Conditioning Stable Diffusion

Attribute-conditioned latent diffusion for face generation (CFG + cross-attention), with a reproducible, config-driven workflow.

What this is: a “from-scratch-ish” latent diffusion training + sampling stack (UNet + VAE latents) that generates faces conditioned on binary attributes (e.g., Smiling, Young, Male) using Classifier-Free Guidance (CFG).

The entire workflow is reproducible from versioned YAML configs and CLIs (data → training → inference → evaluation), not notebooks.

Training status (WIP): this repo is actively training and improving results. The 512px model is a ~300M-parameter setup that typically requires ≥40GB VRAM, and it’s currently being trained on an H100. Early samples already show the model is learning facial structure and attribute-relevant cues, but quality is still improving. Current progress: 54 epochs (and counting).

Sample outputs

Condition: young smiling man.

Condition: senior white man.

Condition: black smiling man.

Samples generated by the model after 54 training epochs. While there is still substantial room for improvement in realism, sharpness, and attribute consistency, these results already suggest that the model has begun to learn the intended conditioning signal.
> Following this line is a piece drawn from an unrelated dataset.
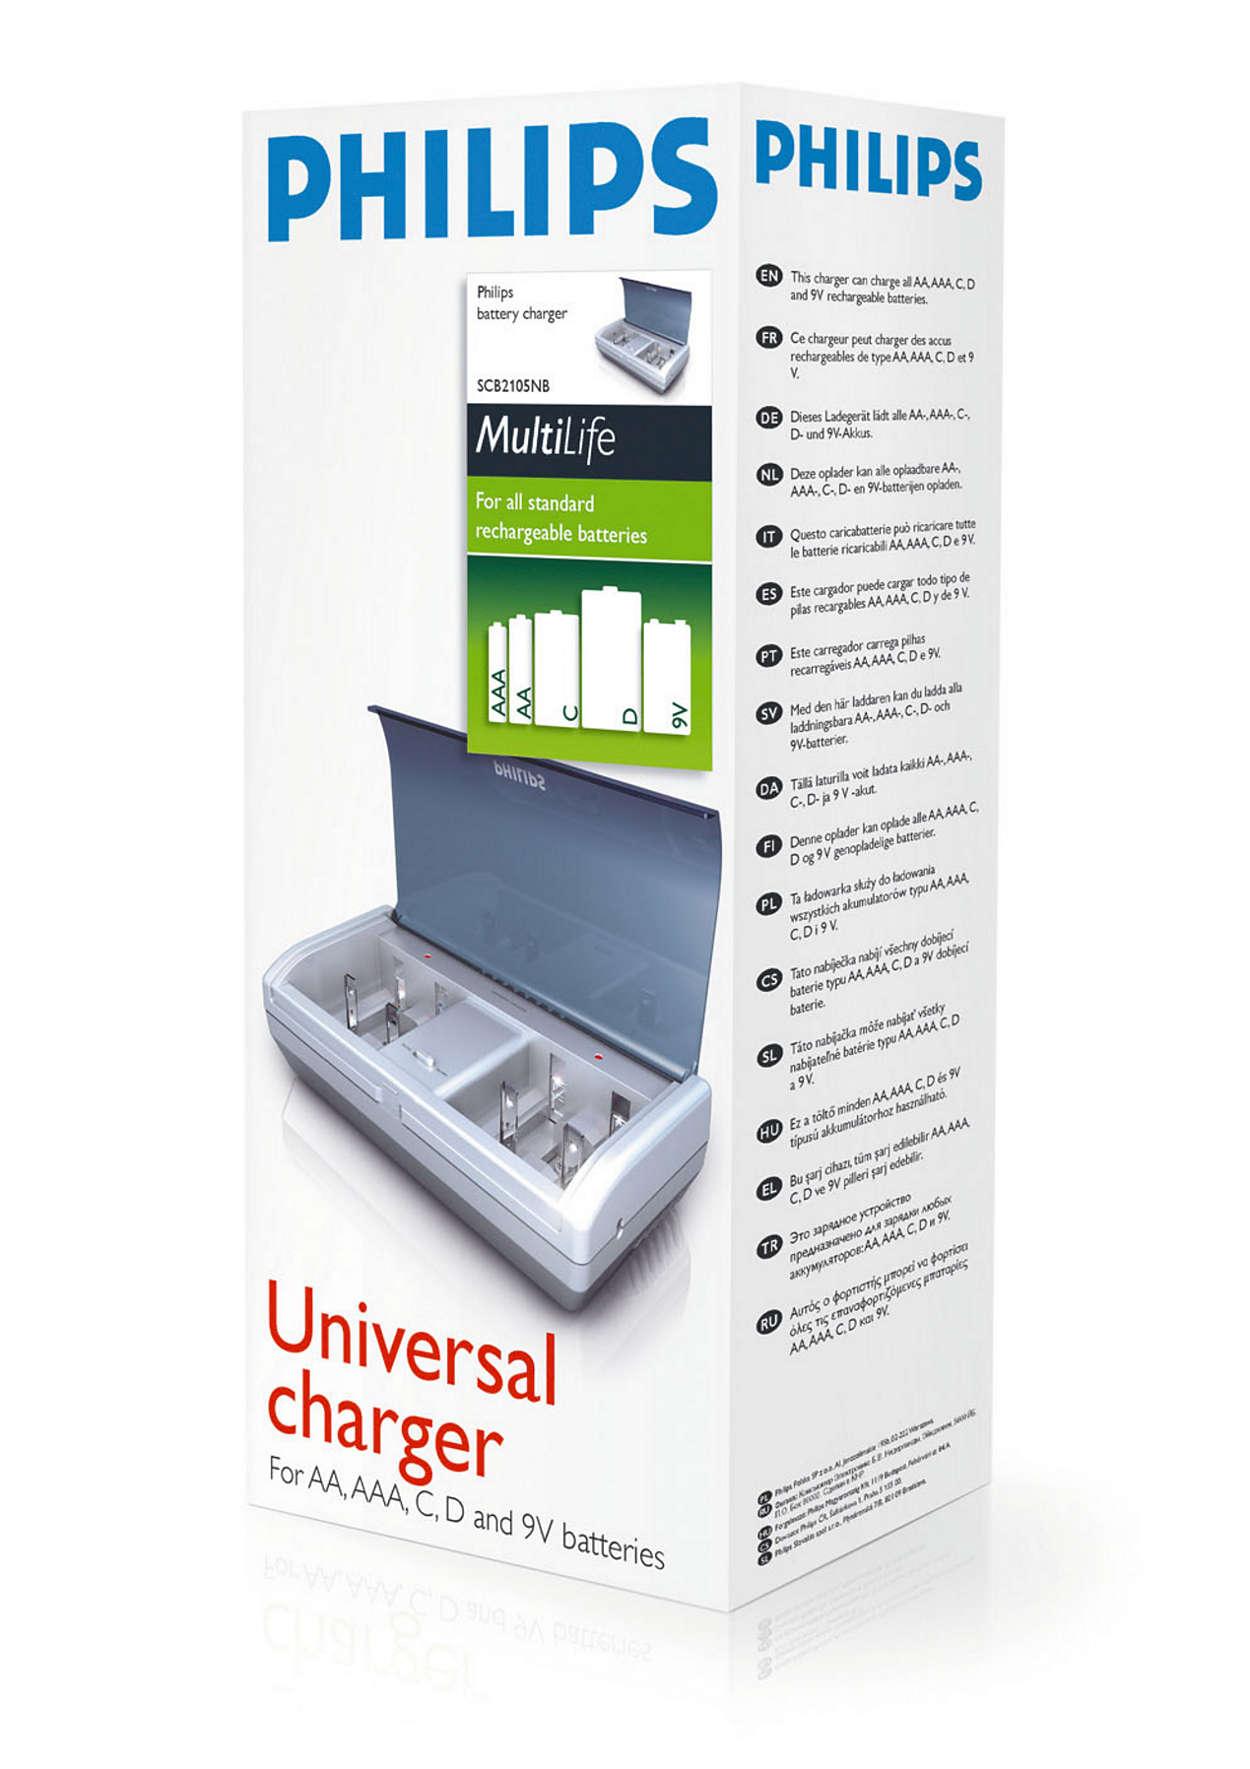 Зарежда батерии тип AAA, AA, 9V, C и D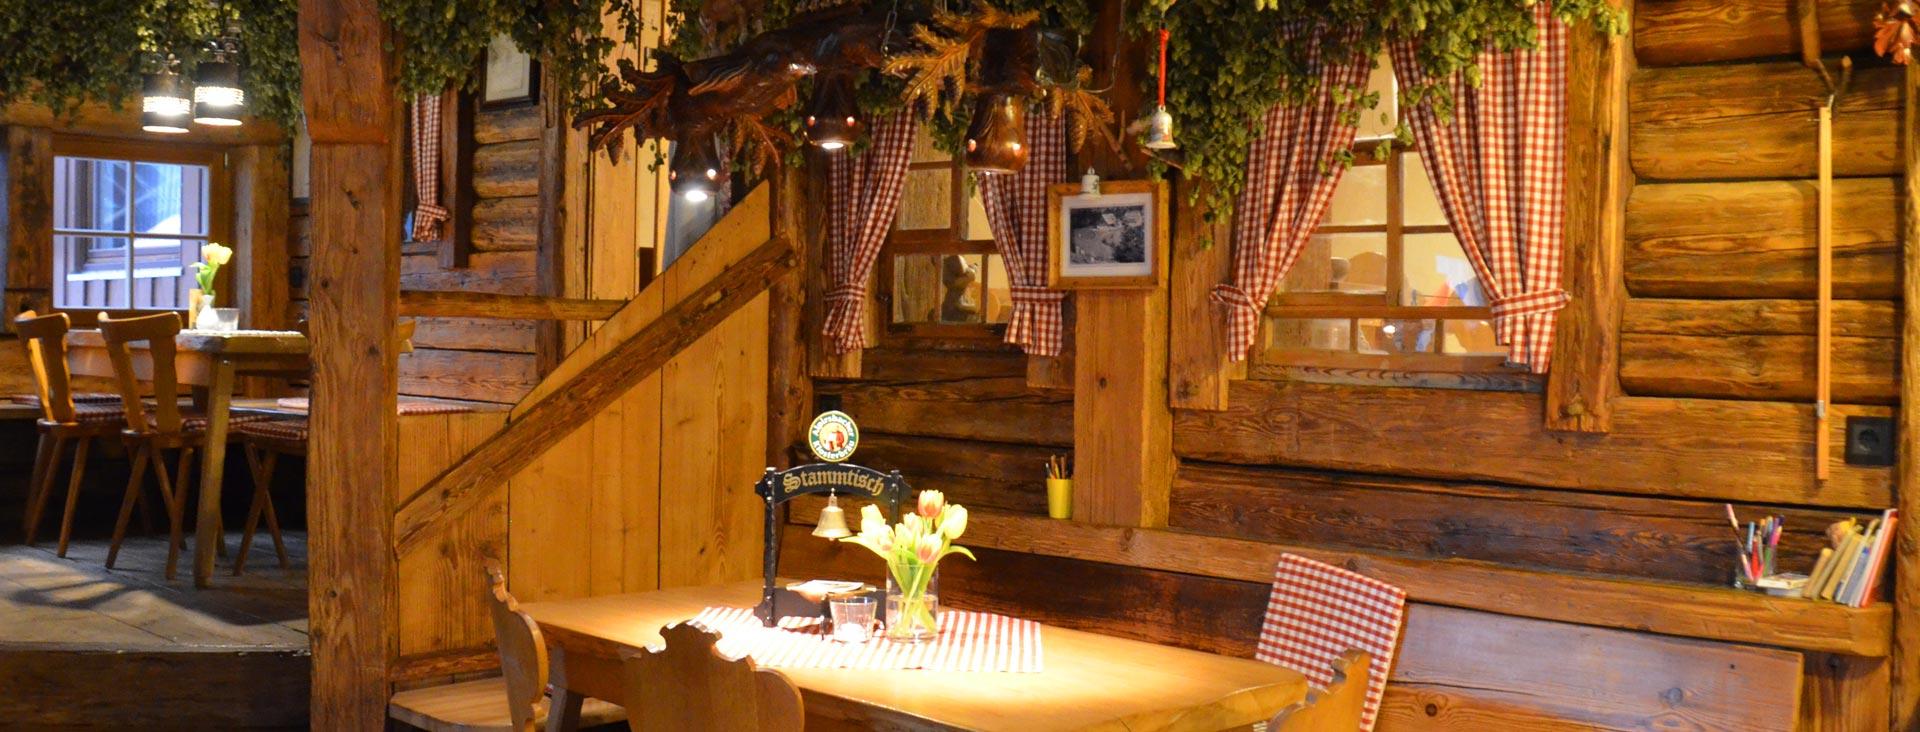 Stammtisch in der Unteren Mühle in Alpirsbach

The examples above were produced with the model after 54 epochs of training.
Although the generations are still preliminary and far from final quality, they already provide encouraging evidence that the model is learning to respond to different conditioning prompts.
See more: training_progress/

Why this project

Most diffusion repos optimize for quick demos. This one optimizes for research workflow hygiene:

Config-driven runs (YAML) so you can re-run experiments exactly.
Explicit artifacts (manifest, filtered archive, reports, checkpoints, samples, metrics).
Separation of concerns: training does not “silently” evaluate; evaluation is a separate step.
Conditioning as a first-class primitive: attributes are passed through a label encoder and used via cross-attention + CFG.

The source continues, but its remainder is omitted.